J'étais plus inquièt pour l'état de la robe que pour le verre éparpillé aux quatre coins du salon.
Suzanne ramassait tout de même les brisures de verre.
La colère grondait en moi.
L'exaspération. Incompréhensible immédiatement.
Puis ma fille a repris sa danse. Sa tartine à la main.

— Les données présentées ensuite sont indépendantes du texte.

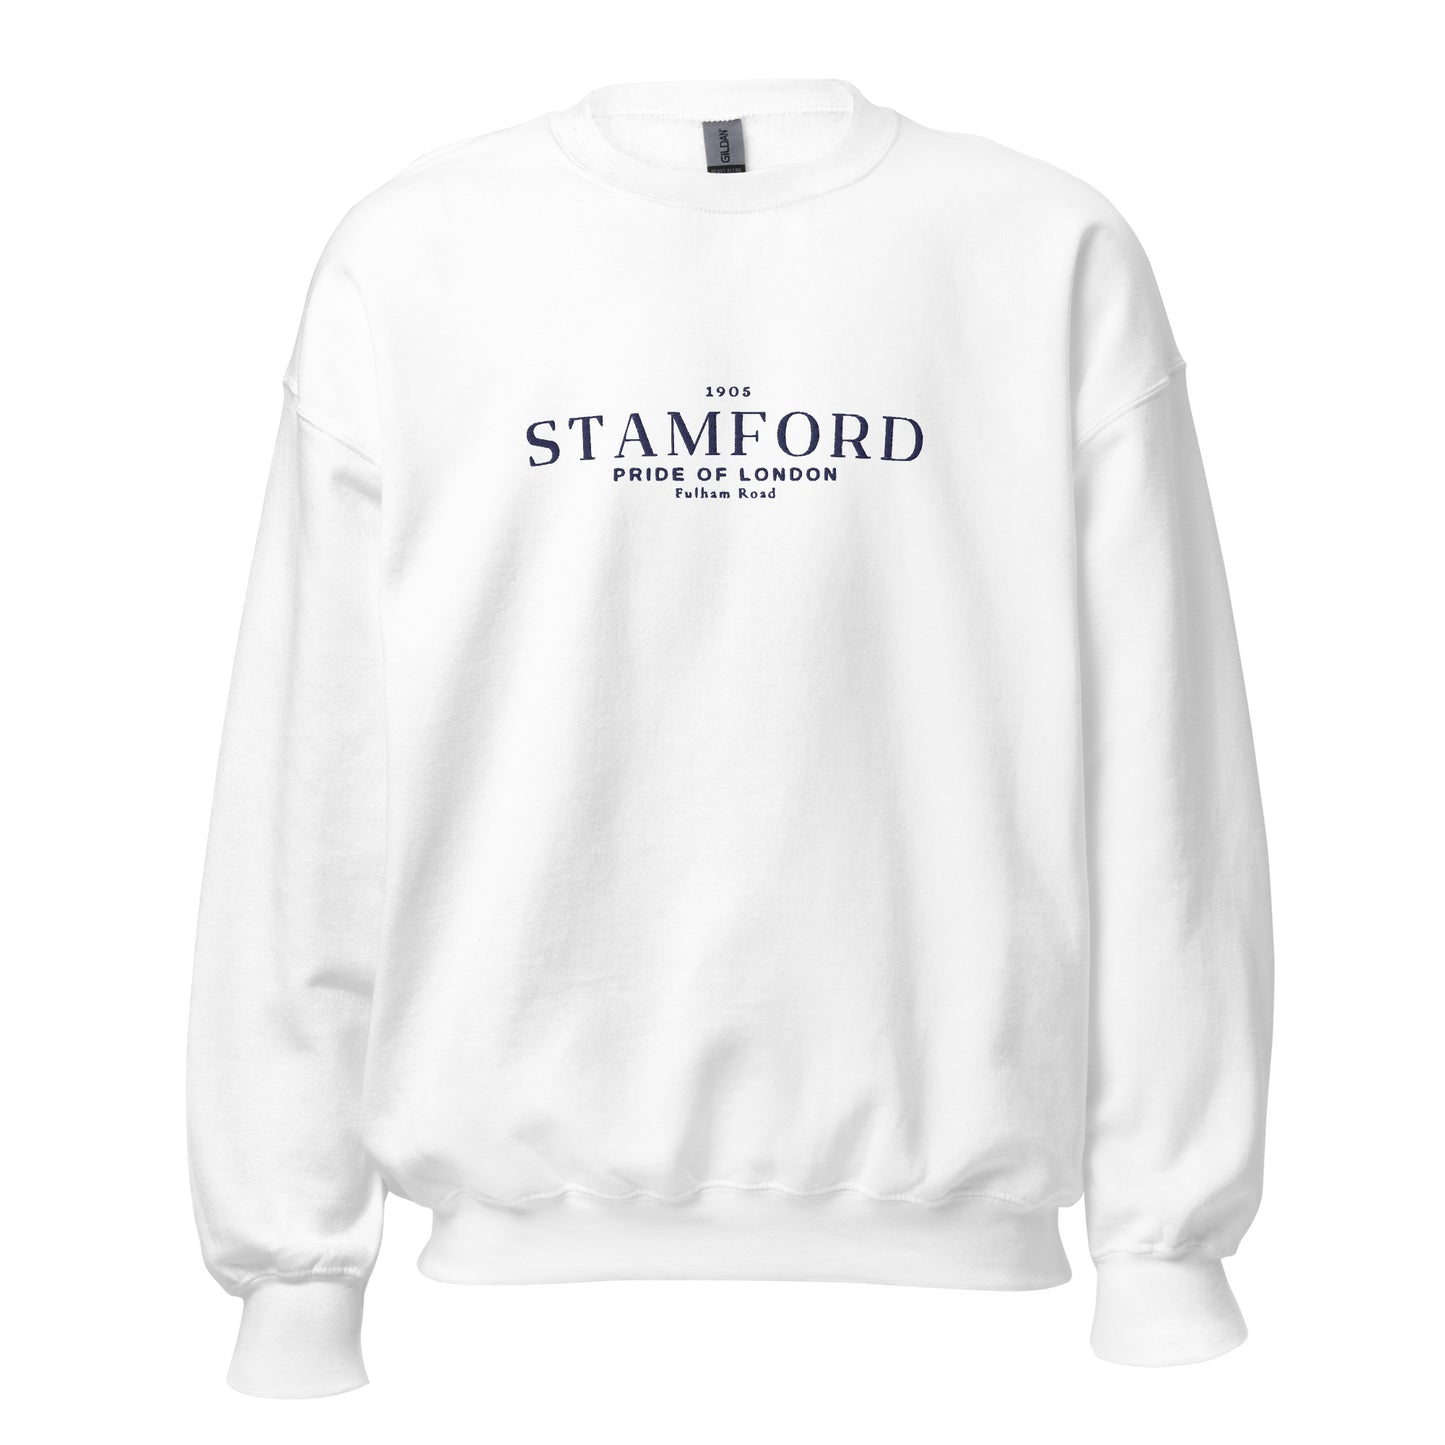 Stamford Retro Sweatshirt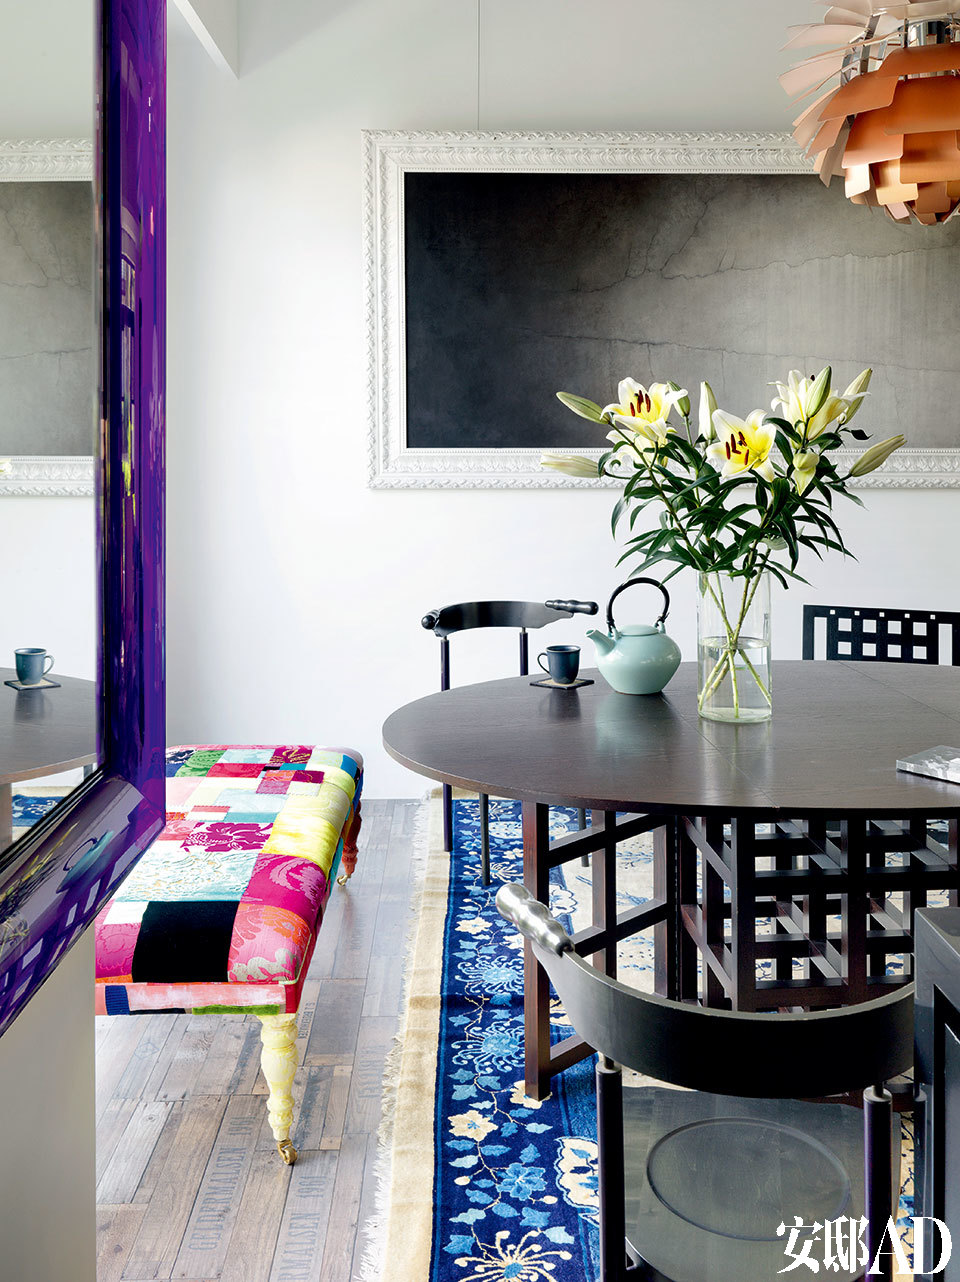 墻上掛著陳文驥的極簡風格畫作，正契合姚謙現在追求的的氛圍。用餐空間，黑色餐桌餐椅為查爾斯·馬金托什(Charles Rennie Mackintosh)的作品，一旁彩色拼布榻為設計師Lisa Whatmough為倫敦品牌Squint所設計。墻上是藝術家陳文驥的作品《漸離》。

Elle continuait de tourner, redevenue insouciante. J'enviais cette faculté d'oubli des enfants. J'avais perdu ce goût sucré de l'oubli. Je n'oubliais rien. Plus rien. Tout le poids des âges, des souvenirs, même des remords grillaient mes jours heureux. J'aurais voulu redevenir cet enfant insouciant. Danser, entrer dans la danse des temps et de l'oubli. Ma femme essayait en vain de me distraire, de me faire sourire. Mais rien, pas même la présence de ma fille n'avait soulagé ce poids lourd de mon enfance et de ma jeunesse. Une nonchalance habitée par mon corps dégingandée d'homme flétri, incapable d'aider à mettre au monde l'enfant mort. Je m'en voulais, je m'en voulais d'être cet homme.
Je rêvais de l'oubli.
Rien ne me permettait de retrouver cet état délicieux.
Sauf.
La robe blanche. Le toucher du satin bleu dans ma main. Ce monde enfantin.
Suzanne continuait de tourner dans le salon, petite femme en devenir.
Elle a saisi sa tartine au centre de la table basse.
La tartine est tombée sur la robe blanche, désormais pleine de chocolat.
Suzanne, effrayée, s'est mise à pleurer.
J'ai crié à mon tour.
Je me suis approchée de Suzanne. Et avec le ruban bleu, j'ai serré. Serré très fort.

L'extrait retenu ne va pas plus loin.